Rather than spending billions of dollars on large infrastructure projects, we should be focusing our investments in the most high-returning areas of our town: the poorest neighborhoods.

It might be counter-intuitive but take a look at this map of tax value per acre, created in partnership with Urban3. Green equals profit and red equals loss. The higher the block goes, the larger the amount of profit/loss. 

Source: Urban3

This is Lafayette, LA but this map looks like most towns in America. Strong Towns president, Chuck Marohn, described this phenomenon in January 2017:

 The poor neighborhoods are profitable while the affluent neighborhoods are not. Throughout the poor neighborhoods, the city is, today, bringing in more revenue than they will spend to maintain the neighborhood, and that's assuming they actually invest the money to maintain the neighborhood (which they have not been doing). If they fail to maintain the neighborhood, the profit margins will be even higher.

This might strike some of you as surprising, yet it is important to understand that it is a consistent feature we see revealed in city after city after city all over North America. Poor neighborhoods subsidize the affluent; it is a ubiquitous condition of the American development pattern.

In a presentation at the 2017 Strong Towns Summit, Jason Roberts, co-founder of the Better Block organization discusses high returning, small-scale investments you can make in your city.

Chuck continues with examples of some of the affordable, small-scale investments we could make if we wanted to boost the returns in these neighborhoods:

We're talking about things like putting in street trees, painting crosswalks, patching sidewalks, and making changes to zoning regulations to provide more flexibility for neighborhood businesses, accessory apartments and parking.

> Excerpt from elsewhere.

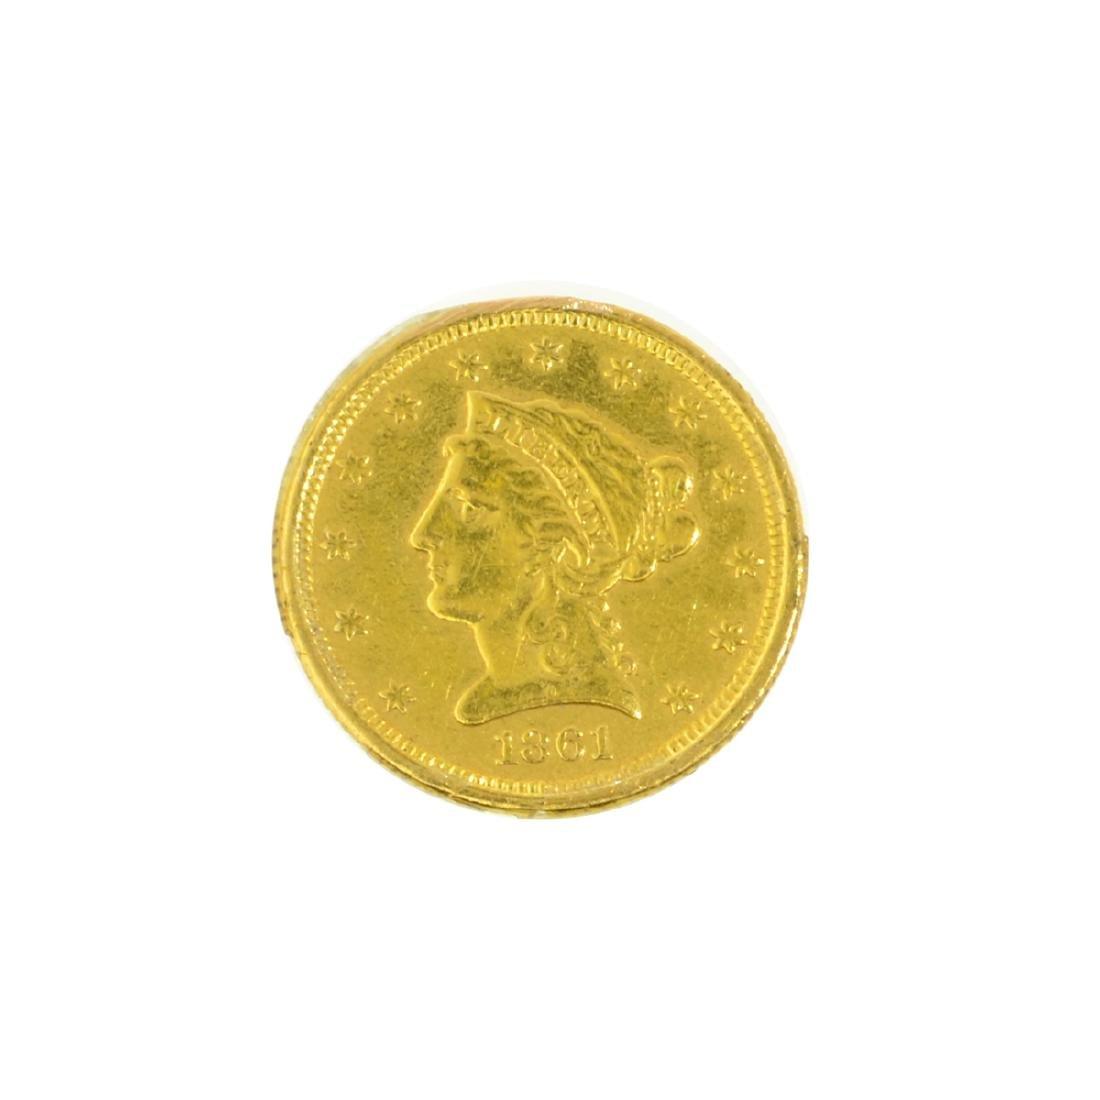 *1861 $2.50 U.S. Liberty Head Gold Coin (JG-MRT)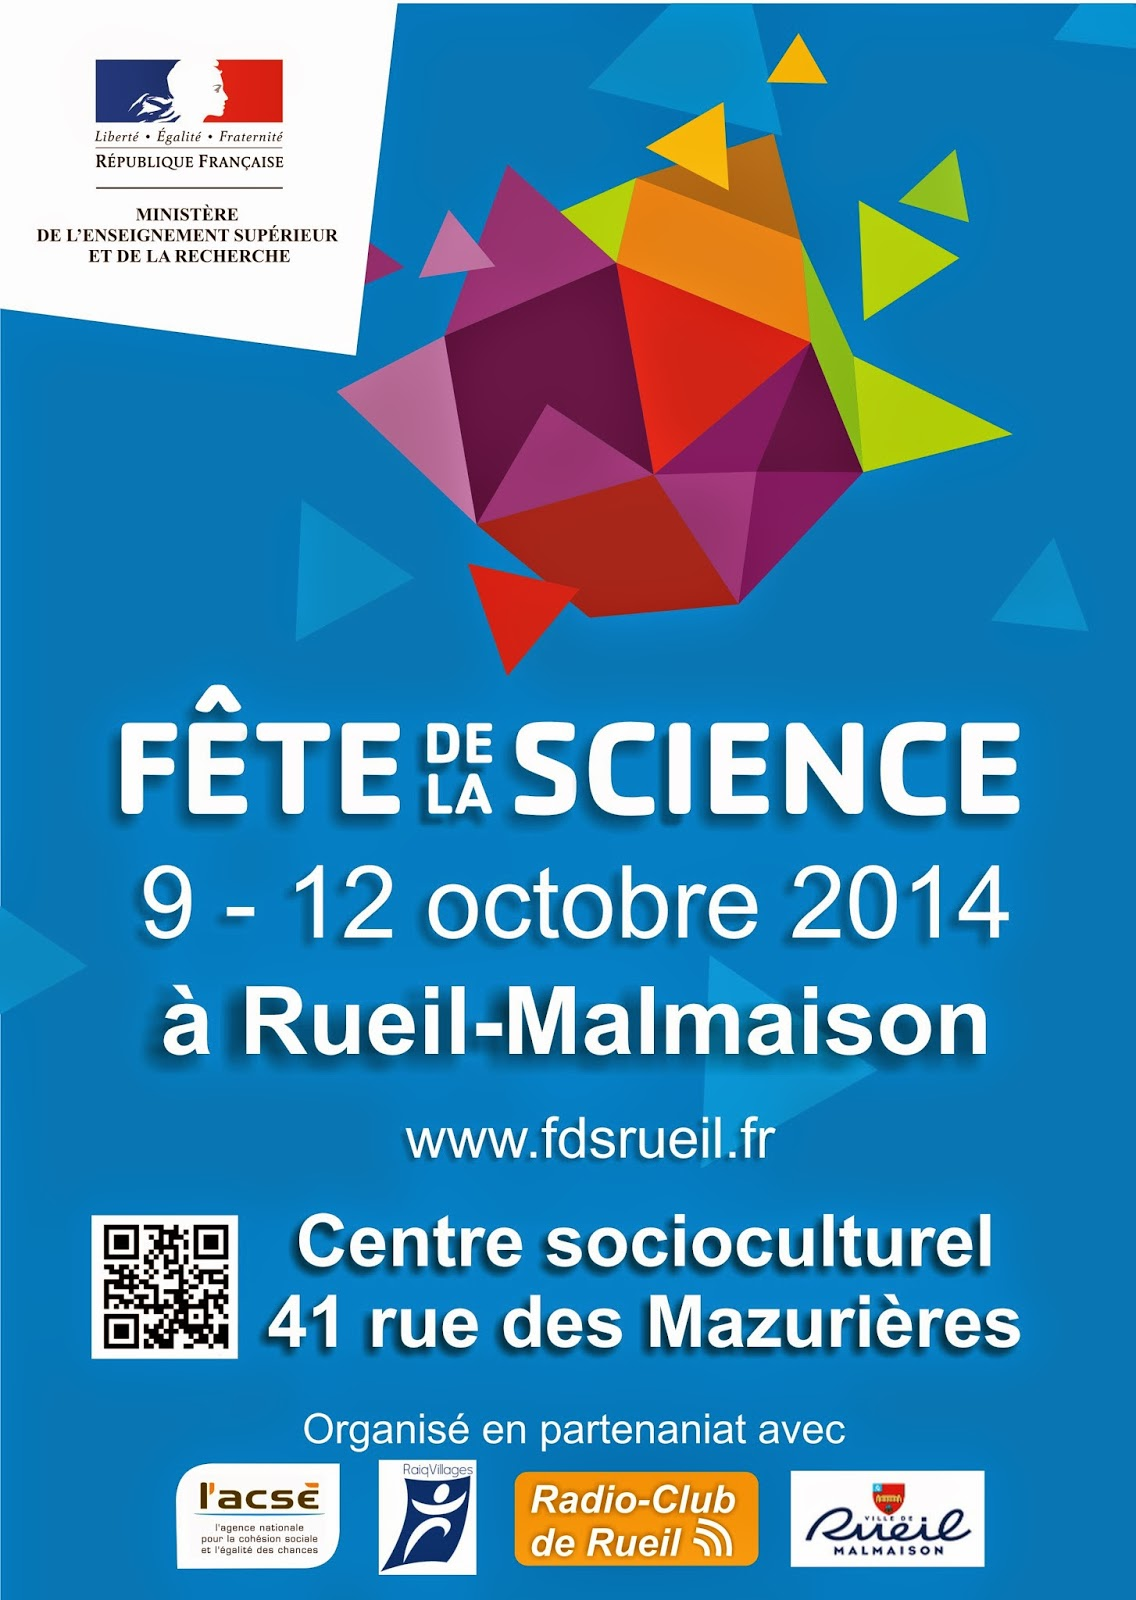 Physique chimie 2016 2017 2014 - Meteo rueil malmaison ...

If we try some things and they don't work, we don't lose much because they don't cost much. We learn from our small failures and try something else.

We’ve shared some other great examples of these types of small-scale investments whose values are being tested and proven across the nation in places like Memphis, TN, Oswego, NY, and Pittsburgh, PA. Low-cost investments in the neighborhoods that need them the most? Seems like a no-brainer.

Wrap-Up

So, to summarize:

  1. Don’t shell out billions in federal infrastructure money. It will just sink our cities into debt with additional maintenance liabilities we can’t afford to take on.
  2. Instead, make small investments in the highest-returning areas—the poor, neglected neighborhoods of our cities.

Federal infrastructure spending is a huge, expensive gamble that we already know doesn’t pay off. Strong Towns' proposal for a path forward is cheap, and it offers high upside potential with low downside potential. The choice should be clear.